We had touched the Failure Effect before on our chat 5-Reliability made easy – RCM Jargons. Actually, Failure Effects(FE) needs more elaboration because it is the base of making decision about the maintenance activities. So what is in the failure effect section? what is its resources? and how to get the best results out of it? First of all what we record the failure effects for?
Failure effects are for Failure Modes, What do we mean by failure modes?
Now a days, all machinery regardless of its size has its function linked directly or indirectly to rotating equipment. Even if we are discussing a linear motion from a hydraulic cylinder or an air valve, the source of the hydraulic or air power is a rotating pump or compressor. So, one of the common failures is the stoppage of this rotational source. The causes of this stoppage are Failure Modes. If you consider a pump, there are many reasons why a pump my stop rotating. Few of the reasons for this stoppage can be: ball bearing stuck, valve closed, motor tripped, etc. Since each of these has many reasons of its own, you can consider each of them as a Failure. Then you take the failure modes stepdown to its causes as lubrication (missing or wrong), looseness, coupling, heating, induced vibrations and so on.
In short based on the level of your analysis you will come up with many Failure Modes for each Failure. I believe we can have a separate coming complete talk about Failure modes.
For each Failure Mode you need to come up with a Failure Effect. You might think that there will be repeated Failure Effects because all ends up stopping the rotating drive. Well, somehow yes but not that much. As we shall see below, there will be some variation in each Failure effect of a specific Failure Mode. That’s what actually includes the details and clues you are looking for.
What is in the Failure Effect?
It starts with a question that seems obvious but unleashes a wealth of information and opportunities for improvement. The very first Question is:
First Question: How did you come to know that this failure happened?

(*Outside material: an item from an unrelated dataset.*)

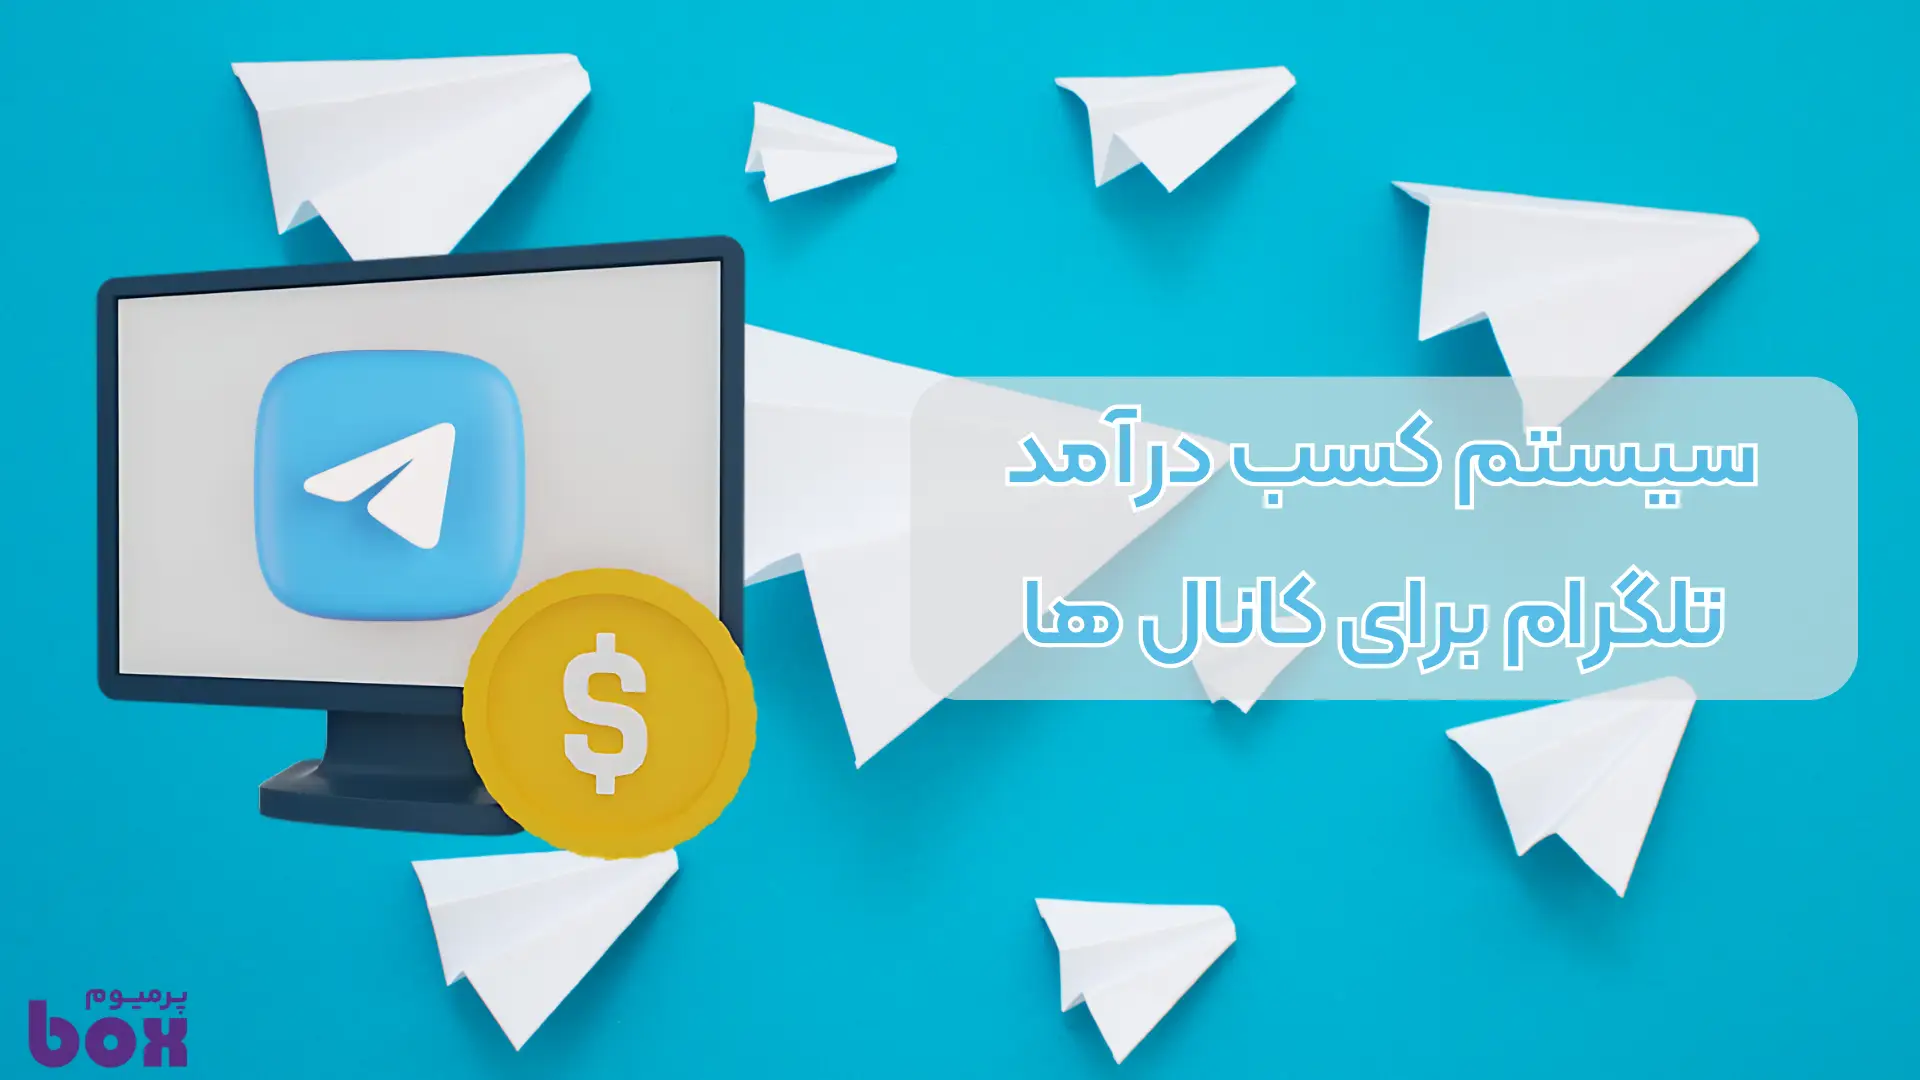 سیستم کسب درآمد تلگرام برای کانال های ایرانی فعال شد

The answer to this HOW Failure was detected? Question has many possible answers. The complete process stopped and, the operator digged down to find which equipment initiated this complete process stoppage. Simply it may be an audible or visual indicator available to the operator. Also, it might be an indication on the SCADA screen. Other failures might be detected through inspection rounds like leakages. Or, through predictive rounds like overheated electrical terminals or gas leakages. Some Failures are discovered only when another failure occurs.
Examples for this can be found in hidden failures as those of standby equipment or protection devices. That fail while waiting for a trigger to start. Their failure is discovered only when they are triggered to take action but they don’t respond. This condition RCM (Reliability-Centered Maintenance) calls it multiple failures. Multiple Failures means that the original hidden failure is added to it the failure that came from not performing its job.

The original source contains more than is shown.